WHAT THE TASK ASKS: Without changing anything, reproduce every record below.

※ ※ ※

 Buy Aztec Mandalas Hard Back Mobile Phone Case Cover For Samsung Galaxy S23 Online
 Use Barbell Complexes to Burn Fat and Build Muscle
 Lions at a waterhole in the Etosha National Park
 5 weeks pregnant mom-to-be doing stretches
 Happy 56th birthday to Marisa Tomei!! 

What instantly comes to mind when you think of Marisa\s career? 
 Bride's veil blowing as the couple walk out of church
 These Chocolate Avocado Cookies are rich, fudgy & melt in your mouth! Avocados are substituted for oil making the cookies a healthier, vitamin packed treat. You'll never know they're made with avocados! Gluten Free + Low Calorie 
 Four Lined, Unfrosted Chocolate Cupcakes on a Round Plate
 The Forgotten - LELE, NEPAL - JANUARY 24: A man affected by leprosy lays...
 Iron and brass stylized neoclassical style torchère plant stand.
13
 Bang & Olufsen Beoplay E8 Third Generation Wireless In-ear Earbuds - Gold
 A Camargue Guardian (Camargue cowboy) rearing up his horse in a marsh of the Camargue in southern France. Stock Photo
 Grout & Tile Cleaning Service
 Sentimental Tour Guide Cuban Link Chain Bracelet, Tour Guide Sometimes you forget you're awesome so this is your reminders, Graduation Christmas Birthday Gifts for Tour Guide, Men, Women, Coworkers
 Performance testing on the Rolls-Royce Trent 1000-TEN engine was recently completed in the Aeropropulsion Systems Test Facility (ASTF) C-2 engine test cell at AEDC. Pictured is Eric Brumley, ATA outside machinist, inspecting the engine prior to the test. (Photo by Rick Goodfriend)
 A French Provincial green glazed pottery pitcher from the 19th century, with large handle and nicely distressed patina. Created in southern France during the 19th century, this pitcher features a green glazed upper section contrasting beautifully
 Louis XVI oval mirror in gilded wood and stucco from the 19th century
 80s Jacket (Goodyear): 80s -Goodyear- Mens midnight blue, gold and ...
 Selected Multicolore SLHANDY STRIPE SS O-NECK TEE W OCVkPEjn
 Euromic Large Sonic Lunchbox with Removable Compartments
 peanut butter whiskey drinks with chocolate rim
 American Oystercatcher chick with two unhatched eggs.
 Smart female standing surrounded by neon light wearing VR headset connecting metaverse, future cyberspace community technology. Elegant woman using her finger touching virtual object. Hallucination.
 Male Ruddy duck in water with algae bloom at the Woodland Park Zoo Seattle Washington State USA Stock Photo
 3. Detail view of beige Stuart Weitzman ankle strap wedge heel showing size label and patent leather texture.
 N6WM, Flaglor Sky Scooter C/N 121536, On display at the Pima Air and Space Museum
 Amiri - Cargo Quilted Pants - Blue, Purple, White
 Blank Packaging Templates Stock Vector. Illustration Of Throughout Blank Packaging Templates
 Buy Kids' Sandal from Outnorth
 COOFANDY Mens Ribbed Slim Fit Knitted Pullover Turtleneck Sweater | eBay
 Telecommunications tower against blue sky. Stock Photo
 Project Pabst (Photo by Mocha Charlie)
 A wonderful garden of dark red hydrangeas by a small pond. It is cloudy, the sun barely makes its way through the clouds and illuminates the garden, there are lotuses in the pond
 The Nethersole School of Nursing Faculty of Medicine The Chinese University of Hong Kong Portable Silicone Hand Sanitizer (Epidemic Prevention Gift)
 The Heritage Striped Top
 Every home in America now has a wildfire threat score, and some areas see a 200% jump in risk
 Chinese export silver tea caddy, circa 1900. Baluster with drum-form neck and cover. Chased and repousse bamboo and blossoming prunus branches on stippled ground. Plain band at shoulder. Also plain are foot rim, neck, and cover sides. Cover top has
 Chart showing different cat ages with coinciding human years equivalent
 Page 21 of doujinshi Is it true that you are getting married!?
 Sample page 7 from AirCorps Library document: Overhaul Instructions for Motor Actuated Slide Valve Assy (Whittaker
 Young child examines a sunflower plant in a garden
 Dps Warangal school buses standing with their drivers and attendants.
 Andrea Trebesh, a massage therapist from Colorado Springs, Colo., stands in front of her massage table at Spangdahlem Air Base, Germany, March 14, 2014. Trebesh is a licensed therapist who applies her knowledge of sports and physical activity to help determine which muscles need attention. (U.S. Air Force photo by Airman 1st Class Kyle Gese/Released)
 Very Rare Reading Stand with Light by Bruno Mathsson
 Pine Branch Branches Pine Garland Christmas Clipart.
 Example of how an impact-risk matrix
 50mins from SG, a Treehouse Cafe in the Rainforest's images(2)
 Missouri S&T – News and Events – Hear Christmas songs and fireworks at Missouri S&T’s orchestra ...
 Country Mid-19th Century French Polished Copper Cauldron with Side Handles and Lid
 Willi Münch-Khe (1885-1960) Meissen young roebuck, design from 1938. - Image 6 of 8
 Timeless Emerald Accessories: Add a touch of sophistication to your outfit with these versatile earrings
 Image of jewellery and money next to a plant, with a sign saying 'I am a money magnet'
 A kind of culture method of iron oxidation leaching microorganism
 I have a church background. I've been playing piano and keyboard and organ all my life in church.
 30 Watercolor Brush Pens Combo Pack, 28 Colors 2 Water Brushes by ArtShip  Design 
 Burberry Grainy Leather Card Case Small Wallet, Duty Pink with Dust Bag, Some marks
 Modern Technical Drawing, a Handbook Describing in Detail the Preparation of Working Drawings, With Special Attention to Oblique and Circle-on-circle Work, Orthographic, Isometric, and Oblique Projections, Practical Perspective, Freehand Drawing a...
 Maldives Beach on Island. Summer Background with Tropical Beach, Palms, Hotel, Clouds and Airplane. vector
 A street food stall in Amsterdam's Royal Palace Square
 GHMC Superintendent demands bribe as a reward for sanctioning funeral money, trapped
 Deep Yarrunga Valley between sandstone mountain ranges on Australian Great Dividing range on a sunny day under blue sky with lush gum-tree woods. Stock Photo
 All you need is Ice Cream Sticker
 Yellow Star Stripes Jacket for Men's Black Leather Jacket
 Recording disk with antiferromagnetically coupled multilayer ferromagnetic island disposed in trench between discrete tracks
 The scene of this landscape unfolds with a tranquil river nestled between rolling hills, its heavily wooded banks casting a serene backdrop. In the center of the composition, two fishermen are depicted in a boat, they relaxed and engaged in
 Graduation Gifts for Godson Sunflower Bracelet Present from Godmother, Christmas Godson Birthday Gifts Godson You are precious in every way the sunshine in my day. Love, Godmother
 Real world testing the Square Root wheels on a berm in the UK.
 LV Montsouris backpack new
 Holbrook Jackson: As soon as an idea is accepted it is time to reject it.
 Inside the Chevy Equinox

※ ※ ※

RESPONSE:
 Buy Aztec Mandalas Hard Back Mobile Phone Case Cover For Samsung Galaxy S23 Online
 Use Barbell Complexes to Burn Fat and Build Muscle
 Lions at a waterhole in the Etosha National Park
 5 weeks pregnant mom-to-be doing stretches
 Happy 56th birthday to Marisa Tomei!! 

What instantly comes to mind when you think of Marisa\s career? 
 Bride's veil blowing as the couple walk out of church
 These Chocolate Avocado Cookies are rich, fudgy & melt in your mouth! Avocados are substituted for oil making the cookies a healthier, vitamin packed treat. You'll never know they're made with avocados! Gluten Free + Low Calorie 
 Four Lined, Unfrosted Chocolate Cupcakes on a Round Plate
 The Forgotten - LELE, NEPAL - JANUARY 24: A man affected by leprosy lays...
 Iron and brass stylized neoclassical style torchère plant stand.
13
 Bang & Olufsen Beoplay E8 Third Generation Wireless In-ear Earbuds - Gold
 A Camargue Guardian (Camargue cowboy) rearing up his horse in a marsh of the Camargue in southern France. Stock Photo
 Grout & Tile Cleaning Service
 Sentimental Tour Guide Cuban Link Chain Bracelet, Tour Guide Sometimes you forget you're awesome so this is your reminders, Graduation Christmas Birthday Gifts for Tour Guide, Men, Women, Coworkers
 Performance testing on the Rolls-Royce Trent 1000-TEN engine was recently completed in the Aeropropulsion Systems Test Facility (ASTF) C-2 engine test cell at AEDC. Pictured is Eric Brumley, ATA outside machinist, inspecting the engine prior to the test. (Photo by Rick Goodfriend)
 A French Provincial green glazed pottery pitcher from the 19th century, with large handle and nicely distressed patina. Created in southern France during the 19th century, this pitcher features a green glazed upper section contrasting beautifully
 Louis XVI oval mirror in gilded wood and stucco from the 19th century
 80s Jacket (Goodyear): 80s -Goodyear- Mens midnight blue, gold and ...
 Selected Multicolore SLHANDY STRIPE SS O-NECK TEE W OCVkPEjn
 Euromic Large Sonic Lunchbox with Removable Compartments
 peanut butter whiskey drinks with chocolate rim
 American Oystercatcher chick with two unhatched eggs.
 Smart female standing surrounded by neon light wearing VR headset connecting metaverse, future cyberspace community technology. Elegant woman using her finger touching virtual object. Hallucination.
 Male Ruddy duck in water with algae bloom at the Woodland Park Zoo Seattle Washington State USA Stock Photo
 3. Detail view of beige Stuart Weitzman ankle strap wedge heel showing size label and patent leather texture.
 N6WM, Flaglor Sky Scooter C/N 121536, On display at the Pima Air and Space Museum
 Amiri - Cargo Quilted Pants - Blue, Purple, White
 Blank Packaging Templates Stock Vector. Illustration Of Throughout Blank Packaging Templates
 Buy Kids' Sandal from Outnorth
 COOFANDY Mens Ribbed Slim Fit Knitted Pullover Turtleneck Sweater | eBay
 Telecommunications tower against blue sky. Stock Photo
 Project Pabst (Photo by Mocha Charlie)
 A wonderful garden of dark red hydrangeas by a small pond. It is cloudy, the sun barely makes its way through the clouds and illuminates the garden, there are lotuses in the pond
 The Nethersole School of Nursing Faculty of Medicine The Chinese University of Hong Kong Portable Silicone Hand Sanitizer (Epidemic Prevention Gift)
 The Heritage Striped Top
 Every home in America now has a wildfire threat score, and some areas see a 200% jump in risk
 Chinese export silver tea caddy, circa 1900. Baluster with drum-form neck and cover. Chased and repousse bamboo and blossoming prunus branches on stippled ground. Plain band at shoulder. Also plain are foot rim, neck, and cover sides. Cover top has
 Chart showing different cat ages with coinciding human years equivalent
 Page 21 of doujinshi Is it true that you are getting married!?
 Sample page 7 from AirCorps Library document: Overhaul Instructions for Motor Actuated Slide Valve Assy (Whittaker
 Young child examines a sunflower plant in a garden
 Dps Warangal school buses standing with their drivers and attendants.
 Andrea Trebesh, a massage therapist from Colorado Springs, Colo., stands in front of her massage table at Spangdahlem Air Base, Germany, March 14, 2014. Trebesh is a licensed therapist who applies her knowledge of sports and physical activity to help determine which muscles need attention. (U.S. Air Force photo by Airman 1st Class Kyle Gese/Released)
 Very Rare Reading Stand with Light by Bruno Mathsson
 Pine Branch Branches Pine Garland Christmas Clipart.
 Example of how an impact-risk matrix
 50mins from SG, a Treehouse Cafe in the Rainforest's images(2)
 Missouri S&T – News and Events – Hear Christmas songs and fireworks at Missouri S&T’s orchestra ...
 Country Mid-19th Century French Polished Copper Cauldron with Side Handles and Lid
 Willi Münch-Khe (1885-1960) Meissen young roebuck, design from 1938. - Image 6 of 8
 Timeless Emerald Accessories: Add a touch of sophistication to your outfit with these versatile earrings
 Image of jewellery and money next to a plant, with a sign saying 'I am a money magnet'
 A kind of culture method of iron oxidation leaching microorganism
 I have a church background. I've been playing piano and keyboard and organ all my life in church.
 30 Watercolor Brush Pens Combo Pack, 28 Colors 2 Water Brushes by ArtShip  Design 
 Burberry Grainy Leather Card Case Small Wallet, Duty Pink with Dust Bag, Some marks
 Modern Technical Drawing, a Handbook Describing in Detail the Preparation of Working Drawings, With Special Attention to Oblique and Circle-on-circle Work, Orthographic, Isometric, and Oblique Projections, Practical Perspective, Freehand Drawing a...
 Maldives Beach on Island. Summer Background with Tropical Beach, Palms, Hotel, Clouds and Airplane. vector
 A street food stall in Amsterdam's Royal Palace Square
 GHMC Superintendent demands bribe as a reward for sanctioning funeral money, trapped
 Deep Yarrunga Valley between sandstone mountain ranges on Australian Great Dividing range on a sunny day under blue sky with lush gum-tree woods. Stock Photo
 All you need is Ice Cream Sticker
 Yellow Star Stripes Jacket for Men's Black Leather Jacket
 Recording disk with antiferromagnetically coupled multilayer ferromagnetic island disposed in trench between discrete tracks
 The scene of this landscape unfolds with a tranquil river nestled between rolling hills, its heavily wooded banks casting a serene backdrop. In the center of the composition, two fishermen are depicted in a boat, they relaxed and engaged in
 Graduation Gifts for Godson Sunflower Bracelet Present from Godmother, Christmas Godson Birthday Gifts Godson You are precious in every way the sunshine in my day. Love, Godmother
 Real world testing the Square Root wheels on a berm in the UK.
 LV Montsouris backpack new
 Holbrook Jackson: As soon as an idea is accepted it is time to reject it.
 Inside the Chevy Equinox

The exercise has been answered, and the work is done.